Economic Letter: The rationale for GDP-linked bonds for the euro area

15 November 2018 Press Release


An Economic Letter by Lorenz Emter and Valerie Herzberg considers how performance related government bonds, such as GDP-linked bonds, can play a role in enhancing the architecture of the  Economic and Monetary Union, improving risk management in the absence of more fiscal integration.

The key findings are:

  • With payments linked to economic outcomes, GDP-linked government bonds could assist Member States to simultaneously reduce and share risks. In economic downturns, the issuer would pay less and the holder of the security would receive less, while in periods of economic upswing, the opposite would occur.
  • These instruments have additional benefits for highly open economies, such as Ireland.
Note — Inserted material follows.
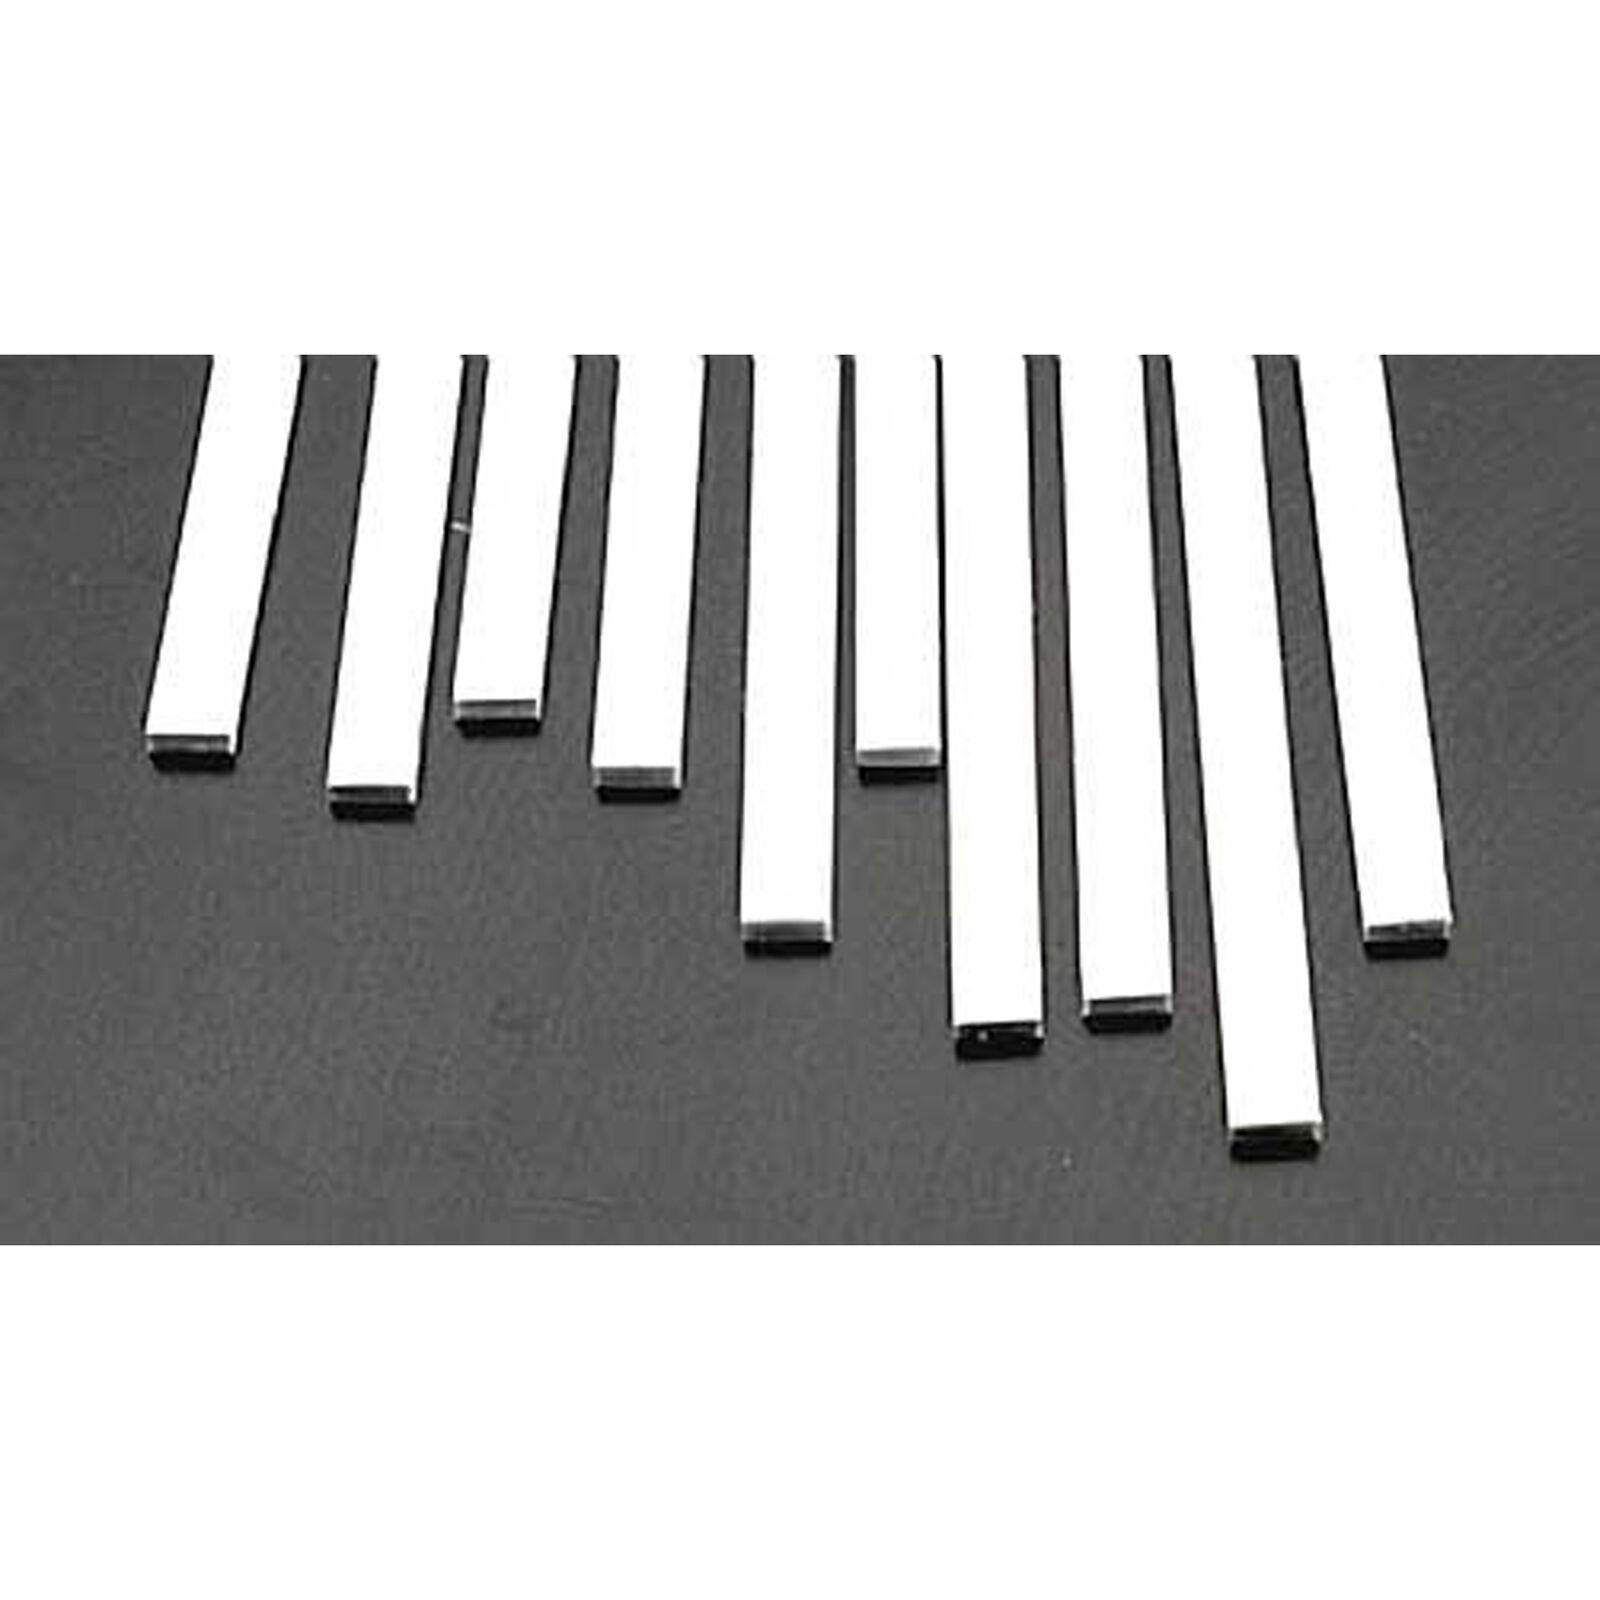 MS-1025 Rect Strip,.100x.250(10)

In countries where government revenues are highly volatile such methods of sharing risk with non-residents could prove useful.
  • However, in order for countries to avail of this opportunity of risk sharing, the additional cost of issuing this government debt needs to be contained. Were larger Member States to lead the vanguard in introducing these new instruments, they would reduce novelty and liquidity premia. Any stigma around these bonds would be overcome and smaller Member States could then follow.

The views presented in Economic Letters are those of the authors and do not necessarily represent the official views of the Central Bank of Ireland.